静电纺丝法制备ZnO纳米材料及其气敏性能研究

发布时间：2018-01-13 14:03

本文关键词：静电纺丝法制备ZnO纳米材料及其气敏性能研究　出处：《吉林大学》2017年硕士论文　论文类型：学位论文

【摘要】：静电纺丝技术是当前最快捷高效的生产纳米纤维的新型加工技术,通过静电纺丝技术制备的纳米纤维在气敏领域有巨大的应用前景。同时,中空结构的氧化物纳米材料更兼备了一维材料结构稳定,不易团聚的优点,有利于提高半导体氧化物的气敏性能,在气敏材料应用领域有很好的发展前景。ZnO纳米材料因其优良的物理化学性质,自被发现其良好的气敏性能以来越来越受到国内外学者的关注。因此本文以静电纺丝法制备的PAN纤维为模板,结合水热法,制备ZnO及其改性材料SnO_2/ZnO和NiO/ZnO。利用X-射线粉末衍射(XRD)、扫描电镜(SEM)、透射电镜(TEM)、X射线光电子能谱(XPS)、能量散谱(EDX)分析气敏材料的物理结构和气敏性能。结果表明:(1)SnO_2/ZnO体系(1)PAN纳米纤维表面光滑,直径均一,ZnO及SnO_2/ZnO为中空管状。制备的SnO_2/ZnO无其它杂质,结晶度较高。(2)通过对比ZnO和SnO_2/ZnO气敏性能,可知,随着SnO_2掺杂比例的增加,SnO_2/ZnO对甲醇的灵敏度逐渐增加,当SnO_2掺杂比例为1 mol/mol时,制备的SnO_2/ZnO复合气敏材料对甲醇的灵敏度最高,同时表现出较高的选择性。(3)气敏测试结果表明,随着测试温度的增加,所有样品对目标气体的灵敏度均表现出先增强后减弱的趋势,温度达到340℃时,所有样品表现出最高的灵敏度。(2)NiO/ZnO体系(1)PAN纳米纤维表面光滑,直径均一,ZnO及NiO/ZnO为中空管状。制备的NiO/ZnO无其它杂质,结晶度较高。

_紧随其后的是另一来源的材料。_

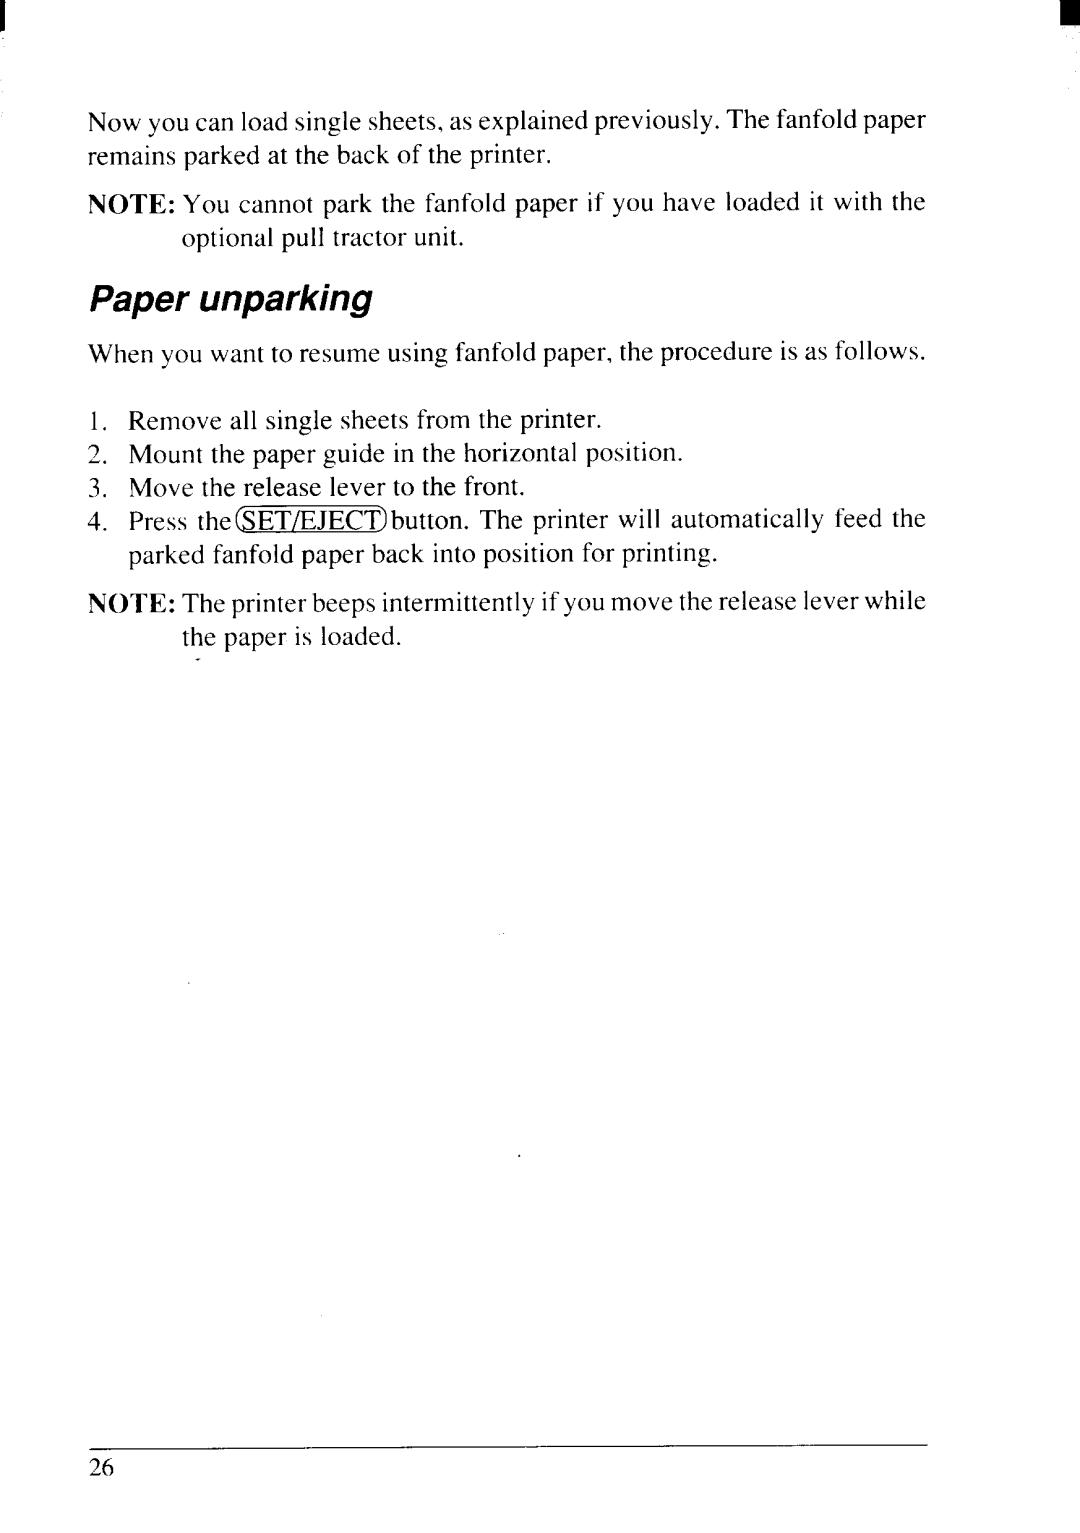 Star Micronics NX-2415II user manual Paper unparking 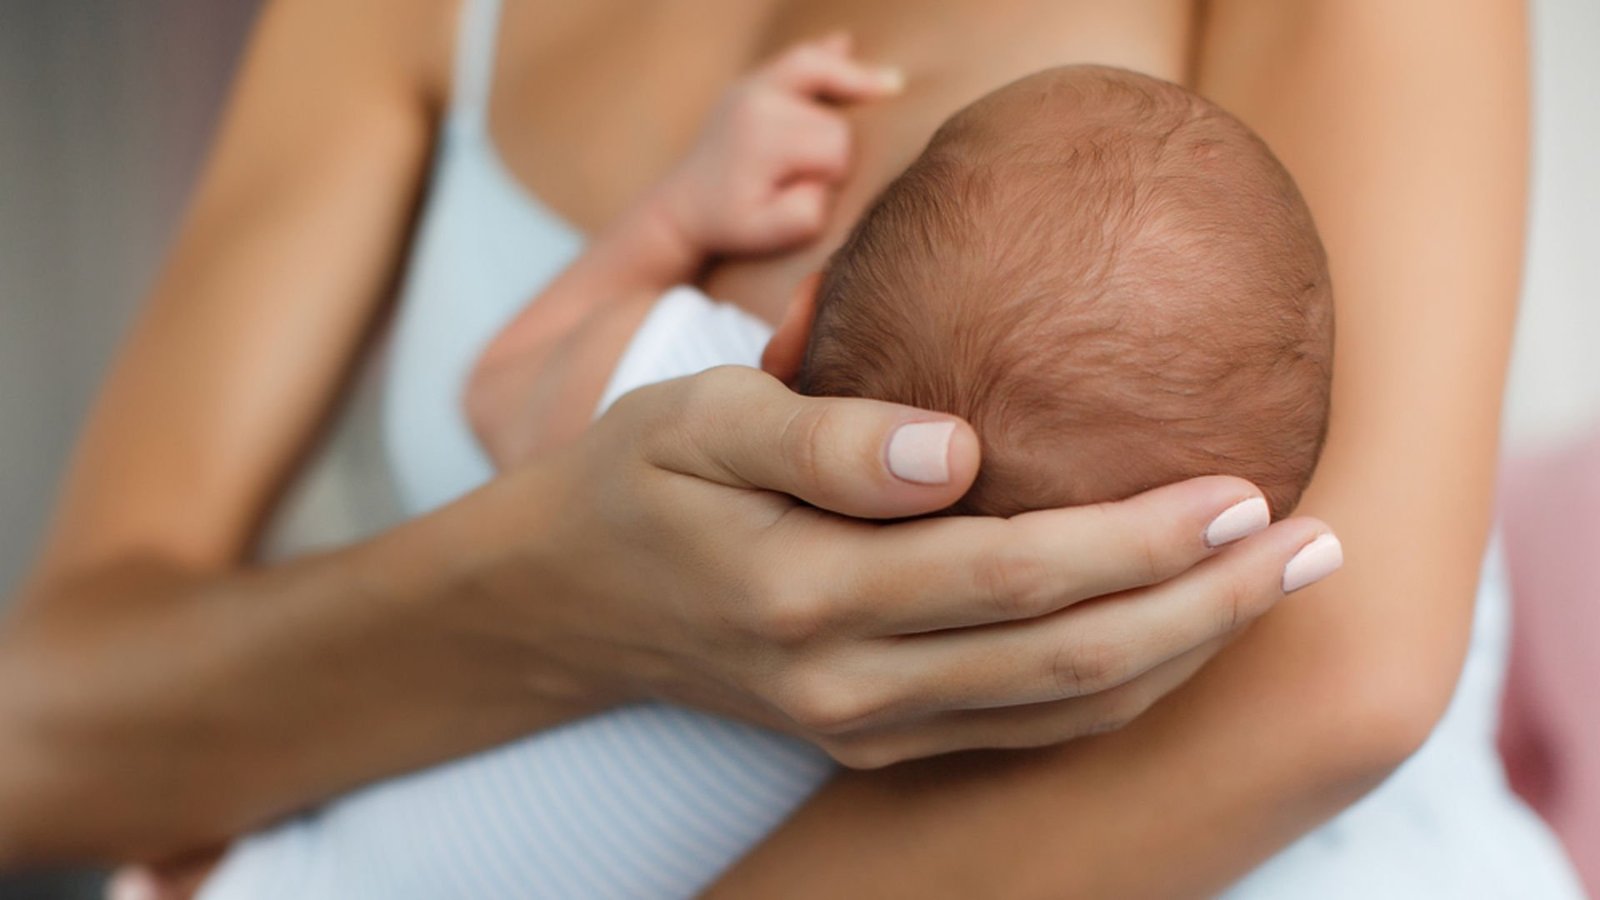 В ВОЗ рассказали, могут ли матери кормить ребенка грудью, когда заражены COVID-19

(2)通过对比ZnO和NiO/ZnO气敏性能,可知,随着NiO掺杂比例的增加,NiO/ZnO对乙醇和丙酮的灵敏度先增强后减弱,当NiO掺杂比例为0.125 mol/mol时,制备的NiO/ZnO复合气敏材料对乙醇的灵敏度最高,当NiO掺杂比例为0.1875mol/mol时,制备的NiO/ZnO复合气敏材料对丙酮的灵敏度最高,同时均表现出较高的选择性。(3)气敏测试结果表明,随着测试温度的增加,所有样品对目标气体(乙醇和丙酮)的灵敏度均表现出先增强后减弱的趋势,温度达到300℃时,所有样品表现出最高的灵敏度。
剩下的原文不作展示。